Both BMW and Tesla have been hit with tariffs by the EU on imports of electric vehicles made in China, along with other Chinese manufacturers such as BYD and SAIC.
BMW and Tesla Shanghai have announced that they are suing the European Commission due to tariffs implemented by the EU on imports of electric vehicles from China. The two companies are the latest to join a growing number of Chinese car makers, including Geely, SAIC and BYD, who are also against these tariffs.
Tesla’s shares fell 2.32% on Tuesday afternoon; BMW’s shares fell 0.35%.
BMW and Tesla Shanghai both filed cases at the European Union’s Court of Justice but further details have not been revealed.
Last year, the EU imposed a tariff of 7.8% on electric vehicles made by Tesla in China, while BMW’s China-produced EVs were hit with a 20.7% tariff. Similarly, Chinese EV manufacturers such as Geely have received a tariff of 18.8%, whereas the EU tariff for BYD is 17%, with SAIC having a levy of 35.3%. This is on top of the normal 10% tariff on all car imports to the bloc.
BMW has highlighted that these tariffs do very little to strengthen the competitiveness of domestic European car companies.
A BMW spokesperson said, as reported by The Wall Street Journal: “On the contrary, the countervailing duties harm the business model of globally active companies, they limit the supply of e-cars to European customers and can therefore even slow down decarbonisation in the transport sector.”
However, the company said that it was still open to negotiating an agreement. BMW also reiterated the importance of avoiding trade conflicts between key global parties, as they often result in losers on all sides.
The European Commission has revealed that the bloc will stay open to negotiation, as long as the agreed-upon solution takes into account the unfair competition discovered by EU investigations.
If successful, the lawsuits could potentially strip Brussels of the right to impose tariffs on Chinese products, by annulling the relevant law, and allowing affected companies to fight for loss claims.
Euronews has contacted both Tesla and BMW for comment.
Car manufacturers continue to struggle with rising Chinese competition
One of the main reasons for the EU imposing tariffs on imports of Chinese electric vehicles into the bloc was rising concerns about the Chinese government unfairly subsidising domestic manufacturers.
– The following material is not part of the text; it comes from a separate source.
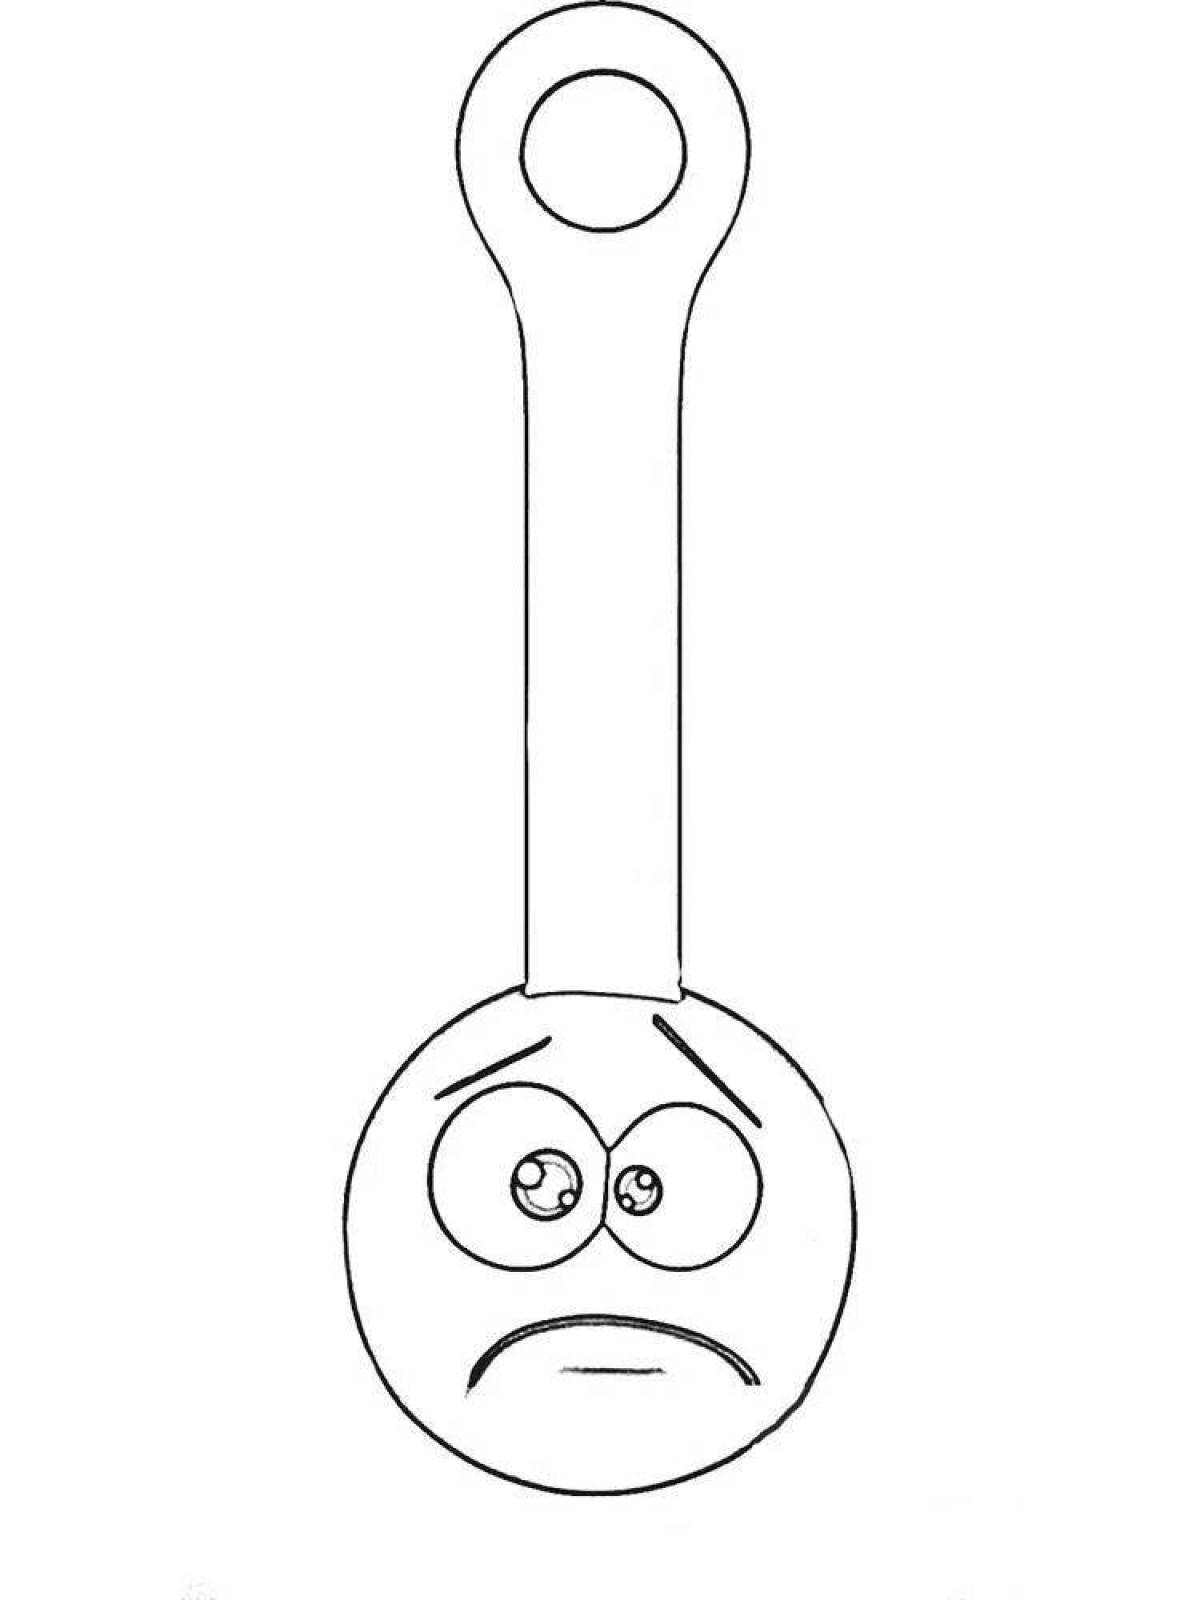 Coloring page for funny fasteners

This, in turn, allowed them to sell their products at cutthroat prices in the European market, undercutting European car companies.
In its investigations, the EU has found that these subsidies include cheaper land, softer loans, as well as subsidies for various key suppliers such as steelmakers.
However, several Chinese EV makers are now focusing on hybrid vehicles in order to continue expanding in the European market, as these are not covered under the current tariffs. This has led to increased fears of the EU’s EV tariffs becoming less effective.
European car makers have been rapidly losing market share to Chinese companies, as these offer better prices, discounts, features and designs. The ongoing cost of living crisis seen across many parts of Europe has meant that consumers are slower to make big purchases, while also being on the hunt for better bargains.